Лоуренс задавался вопросом, что не так, и вскрикнул от внезапной догадки: когда они были в Пассио, Холо как-то сказала, что одиночество — это смертельная болезнь. Холо очень боится одиночества, поэтому она, вероятно, поняла его слова превратно. И вино в этом могло сыграть не последнюю роль. Возможно, теперь у Холо сложилось впечатление, что поиски Йойса надоели Лоуренсу.

— Не торопись с выводами. В принципе, если речь о паре дней, я могу подождать тебя в Нёххире.

— Хорошо, этого будет достаточно. Заедем ещё куда-нибудь по дороге? Я бы хотела посмотреть и на другие города.

В противоположность ожиданиям Лоуренса разговор развивался до того гладко, что невольно создавалось впечатление его неестественности, за изнанкой которой между путниками чувствовался разлад. Холо покинула Йойс несколько сотен лет назад, и ей тоже, наверное, приходила мысль, что города может уже и не быть, а если даже он остался, то очень сильно изменился. Поэтому ей очень тревожно столкнуться с правдой в одиночку. Можно даже предположить, что вся улыбчивость Холо, ностальгия от вина — попытка заглушить беспокойство. Это стало очевидным, стоило немного подумать. Лоуренс жалел о неосторожно сказанных словах.

— Слушай, я не собираюсь тебя бросать. А то, что я сказал…

— Я уже говорила, что ценность самца определяется тем, может ли он быть добрым. Не люблю, когда душат излишней заботой. — Холо опустила кружку на кровать; сквозь её деланную улыбку пробивалась напряжённость. — Меня не исправить: всегда сужу по себе. Я ведь и моргнуть не успею, как ты уже состаришься. Век человека короток, поэтому один год для тебя значит немало. Всё время забываю об этом.

Лоуренс не осмелился подойти к Холо: её фигура, освещаемая луной через открытое окно, на миг показалась ему призраком, что развеется, словно туман, стоит только приблизиться. Холо, с опущенной головой, приподнялась, позабыв про кружку. На её лице была нервная улыбка.

— Ты неисправимый добряк. Лучше не смотри на меня с таким участием, мне будет спокойнее.

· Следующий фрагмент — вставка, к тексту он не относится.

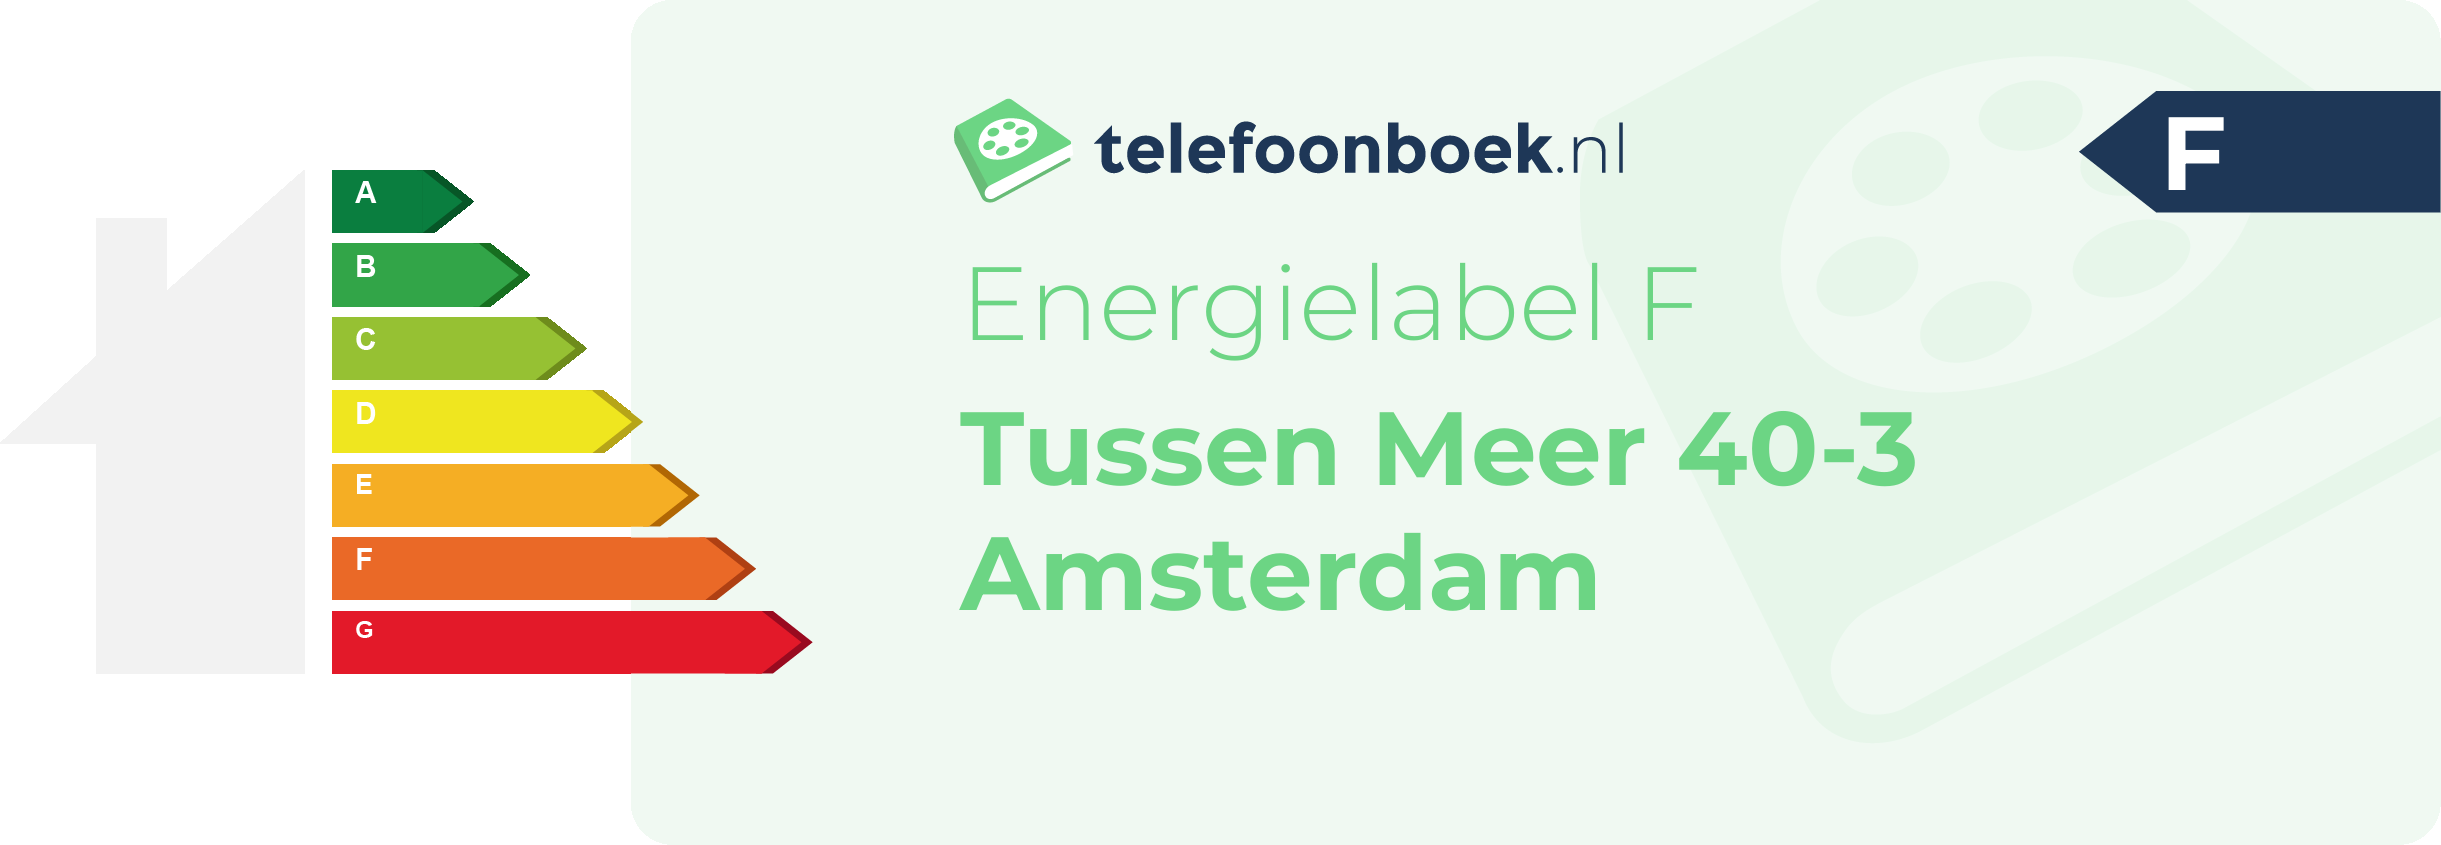 Energielabel Tussen Meer 40-3 Amsterdam

Лоуренс не нашёлся с ответом. Разлад между ними в этот момент стал более чем очевидным. Ему не приходило в голову ничего, что могло бы исправить положение, и он понимал: красивыми речами Холо не обманешь. К тому же слова Холо лишили Лоуренса аргументов. Он не может обещать, что будет помогать ей вечно. Торговцы слишком практично смотрят на жизнь, чтобы давать подобные обещания. Сложно было войти в положение Холо, когда она живёт сотни лет.

— Прости, я забыла о том, какие мы разные. Просто мне приятна твоя компания, и я замечталась.

Холо смущённо улыбнулась, а её уши подёргивались, как от щекотки. Слова, больше подходившие девочке, возможно, выражали её истинные чувства. Но Лоуренс ничуть не обрадовался признанию — оно прозвучало как прощание.

— Фуф, похоже, я опьянела. Лягу скорее, чтобы не наговорить ещё чего-нибудь.